Intelligent Information: Improving the Customer Experience” is not just the title of the paper but also of a keynote, John Mancini presented at the Global Directions conference, back in 2013. You can read more about it in the interview with John on the present and future of content management.

Back to the research, customer experiences, the context, how it’s all connected and why it matters so much. In an interview with digital marketing expert Jay Baer on being useful, I referred to Joseph Jaffe’s 2010 Customer Service Manifesto where Joseph looked at the extreme importance of service in the broad sense (not in the strict sense of solving customer issues).

Let me quote from it: “The old marketing adage is that a satisfied customer will tell 5-7 of their friends about their experience, whereas the dissatisfied customer will tell 15-20. Today, an unhappy customer will tell a million of their closest strangers“.
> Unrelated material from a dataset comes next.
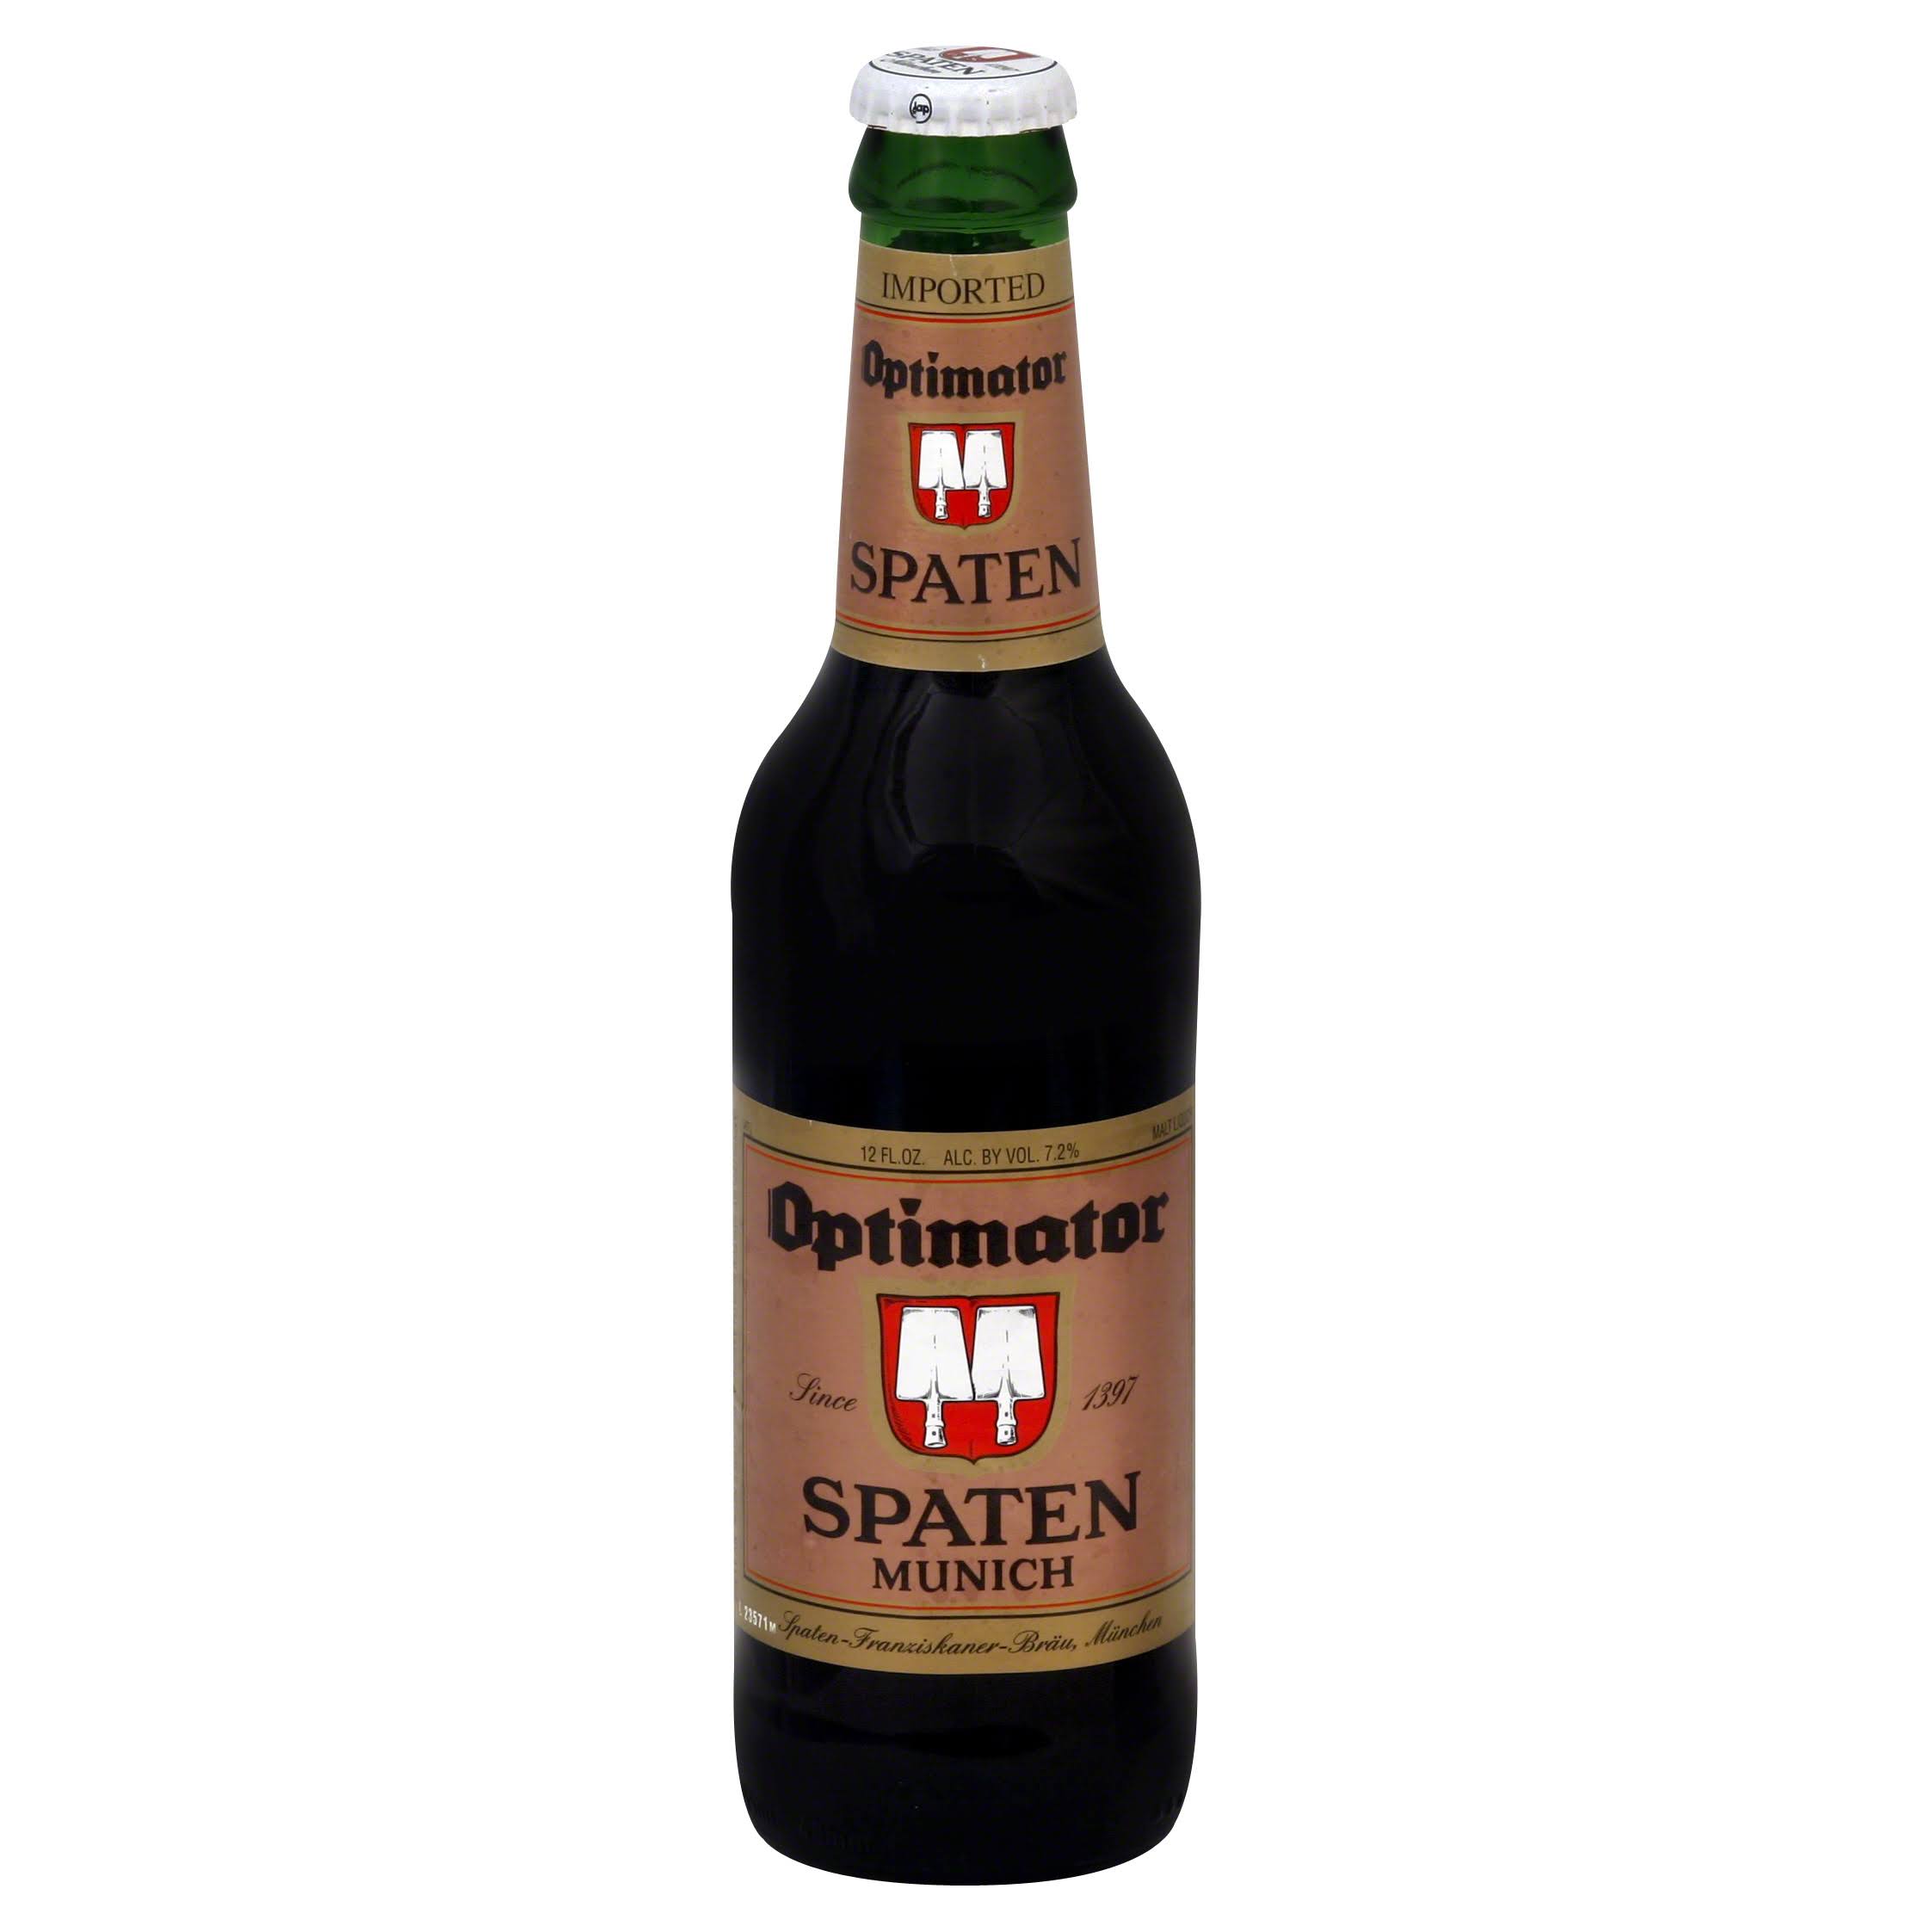 Northstar Spaten Optimator Beer - 12oz
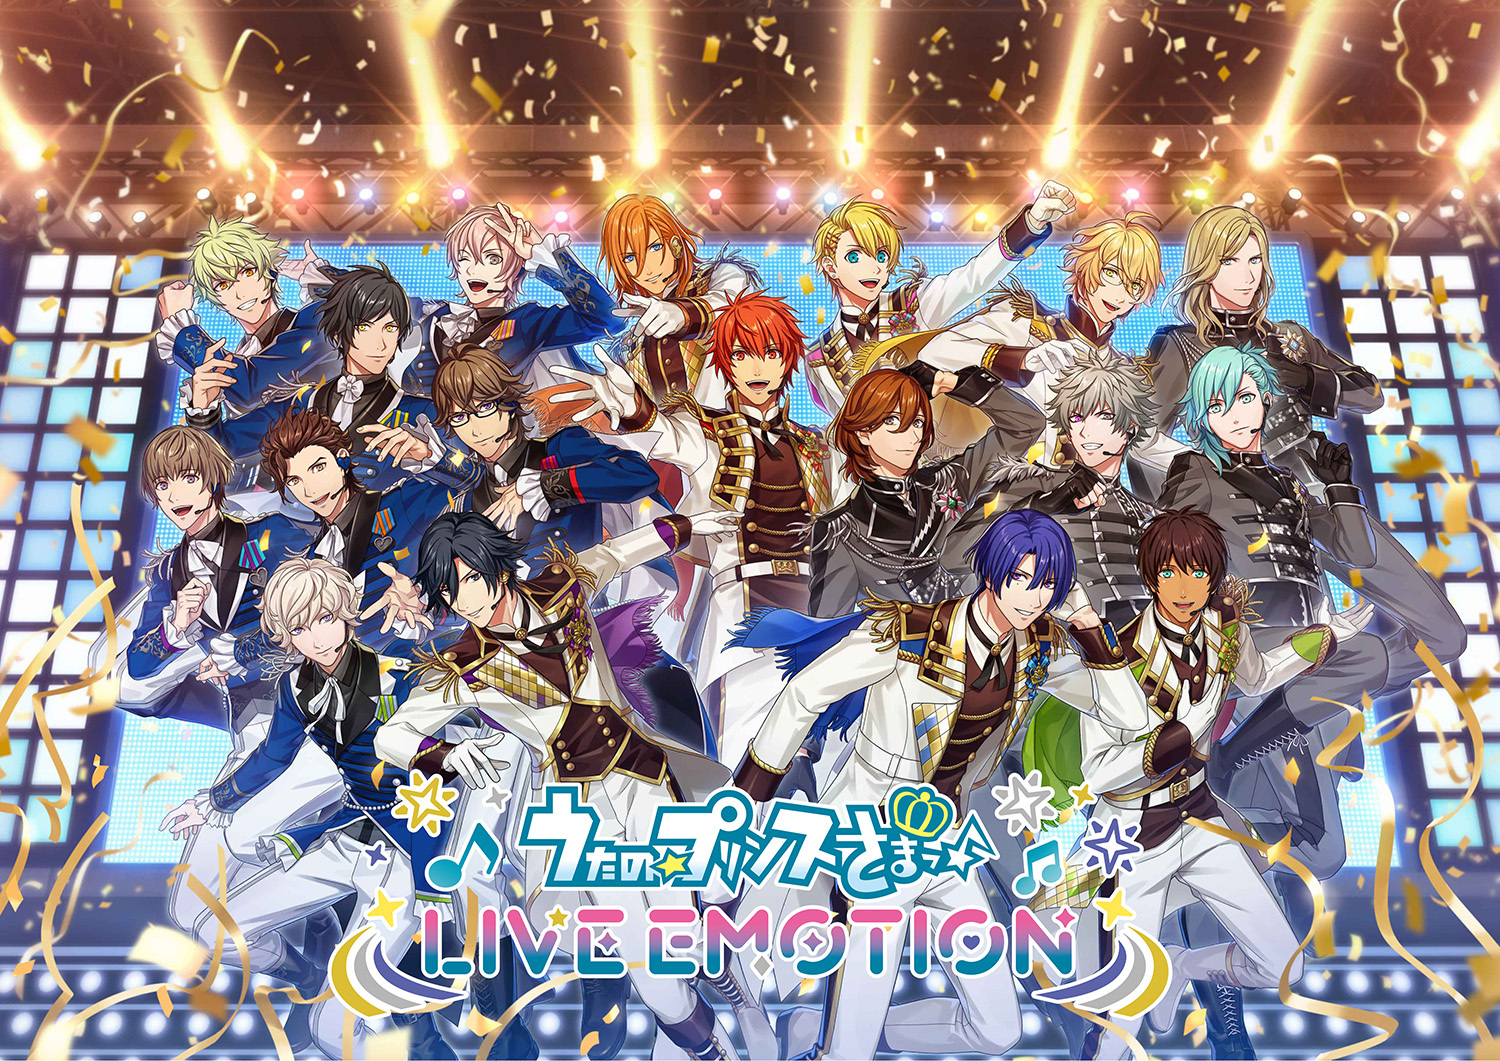 系列全新手机游戏《歌之☆王子殿下♪LIVEEMOTION》预计年内推出公开主题曲CD情报

The research of AIIM, commissioned by Kodak Alaris Information Management, found that as a factor for future business success, improving customer experience is considered more important than transactional refinements.

However, look at these findings (I quote):

  • “Inbound channels are mostly not integrated between paper and electronic content, nor between different departments. In 26% of organizations, inbound content is likely to be fed to entirely manual processes.”
  • “The majority feel their speed of response to customers could generally be improved overall, and 30% feel their speed of response on paper documents, forms and faxes is “too slow” or “much too slow” (12%). Handwritten correspondence is the most challenging. Response to emails and web forms is generally better, although could be improved, as could Facebook and Twitter response.”
  • “50% of respondents have no integration between their systems. CRM and ERP are the likely first candidates for integration, especially in larger organizations, but only 11% have customer, transactional and content systems fully connected”.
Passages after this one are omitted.